Guys -
I’m stuck debugging an EMR failure. Cluster fails 20mins into the enrich job - monitoring shows a spike in memory allocation near the failure, and investigating logs I found the culprit:
2017-06-02 11:56:20,622 FATAL [main] org.apache.hadoop.mapred.YarnChild: Error running child : java.lang.OutOfMemoryError: Java heap space
at java.util.Arrays.copyOfRange(Arrays.java:2694)
at java.lang.String.<init>(String.java:203)
at java.lang.StringBuilder.toString(StringBuilder.java:405)
at com.fasterxml.jackson.core.util.TextBuffer.contentsAsString(TextBuffer.java:349)
at com.fasterxml.jackson.core.io.SegmentedStringWriter.getAndClear(SegmentedStringWriter.java:83)
at com.fasterxml.jackson.databind.ObjectMapper.writeValueAsString(ObjectMapper.java:2344)
at org.json4s.jackson.JsonMethods$class.compact(JsonMethods.scala:34)
at org.json4s.jackson.JsonMethods$.compact(JsonMethods.scala:50)

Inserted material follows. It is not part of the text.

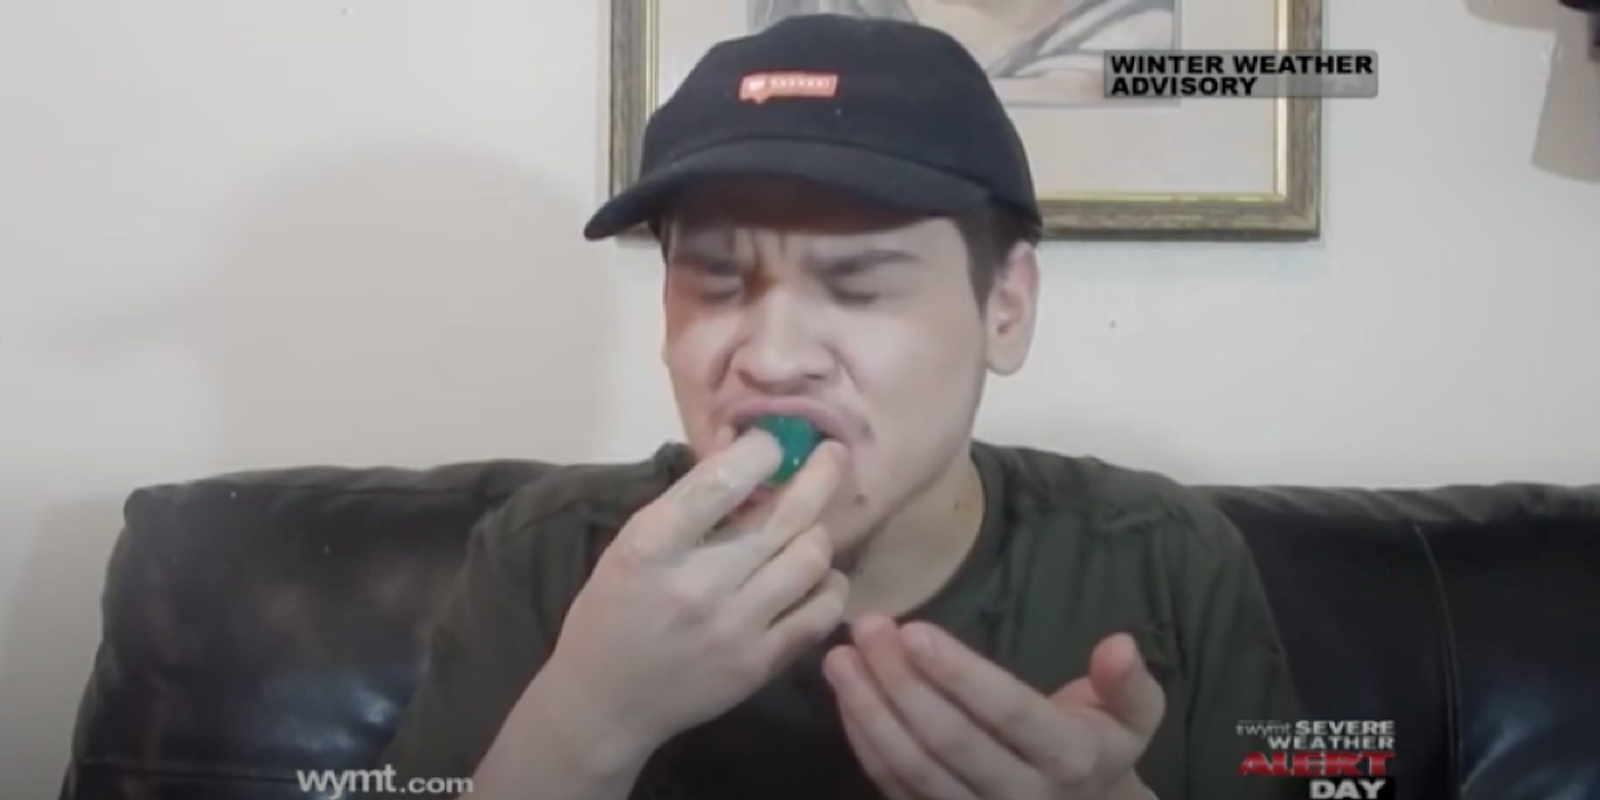 what is the tide pod challenge - marc pagan eats tide pod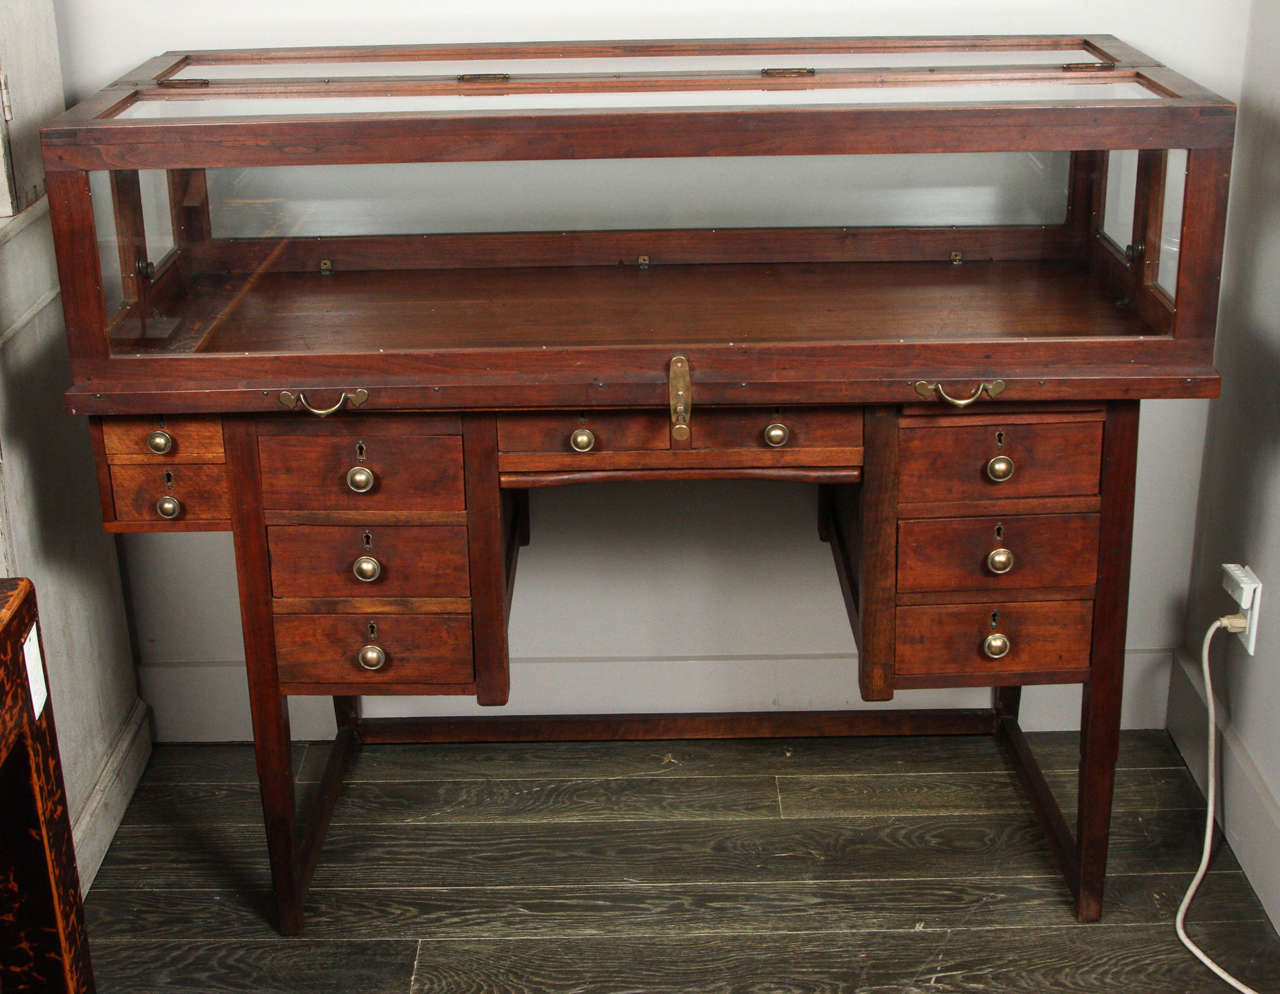 Unique 19th century English jeweler’s work desk and display case on stretcher base, great for displaying and storing collectibles. It has 8 locking drawers and a sliding tray. This desk would be a great piece for use in a study or office, with

at com.snowplowanalytics.snowplow.enrich.common.outputs.BadRow.toCompactJson(BadRow.scala:101)
at com.snowplowanalytics.snowplow.enrich.hadoop.EtlJob$$anonfun$13$$anonfun$apply$1.apply(EtlJob.scala:189)
at com.snowplowanalytics.snowplow.enrich.hadoop.EtlJob$$anonfun$13$$anonfun$apply$1.apply(EtlJob.scala:188)
at scala.collection.TraversableLike$$anonfun$map$1.apply(TraversableLike.scala:244)
at scala.collection.TraversableLike$$anonfun$map$1.apply(TraversableLike.scala:244)
at scala.collection.immutable.List.foreach(List.scala:318)
at scala.collection.TraversableLike$class.map(TraversableLike.scala:244)
at scala.collection.AbstractTraversable.map(Traversable.scala:105)
at com.snowplowanalytics.snowplow.enrich.hadoop.EtlJob$$anonfun$13.apply(EtlJob.scala:188)
at com.snowplowanalytics.snowplow.enrich.hadoop.EtlJob$$anonfun$13.apply(EtlJob.scala:182)
at com.twitter.scalding.FlatMapFunction.operate(Operations.scala:46)
at cascading.flow.stream.FunctionEachStage.receive(FunctionEachStage.java:99)
at cascading.flow.stream.FunctionEachStage.receive(FunctionEachStage.java:39)
at cascading.flow.stream.FunctionEachStage$1.collect(FunctionEachStage.java:80)
at cascading.tuple.TupleEntryCollector.safeCollect(TupleEntryCollector.java:145)
at cascading.tuple.TupleEntryCollector.add(TupleEntryCollector.java:133)
at com.twitter.scalding.MapFunction.operate(Operations.scala:59)
at cascading.flow.stream.FunctionEachStage.receive(FunctionEachStage.java:99)
at cascading.flow.stream.FunctionEachStage.receive(FunctionEachStage.java:39)
at cascading.flow.stream.SourceStage.map(SourceStage.java:102)
at cascading.flow.stream.SourceStage.run(SourceStage.java:58)
at cascading.flow.hadoop.FlowMapper.run(FlowMapper.java:130)
at org.apache.hadoop.mapred.MapTask.runOldMapper(MapTask.java:455)
at org.apache.hadoop.mapred.MapTask.run(MapTask.java:344)
Monitoring charts
I’m running this cluster with 4x m4.4xlarge
, so it’s unlikely that it doesn’t have enough memory to run this job. Improving instance types and increasing number of instances still result in job failures.
Any ideas what I could do to solve this?
Thanks!!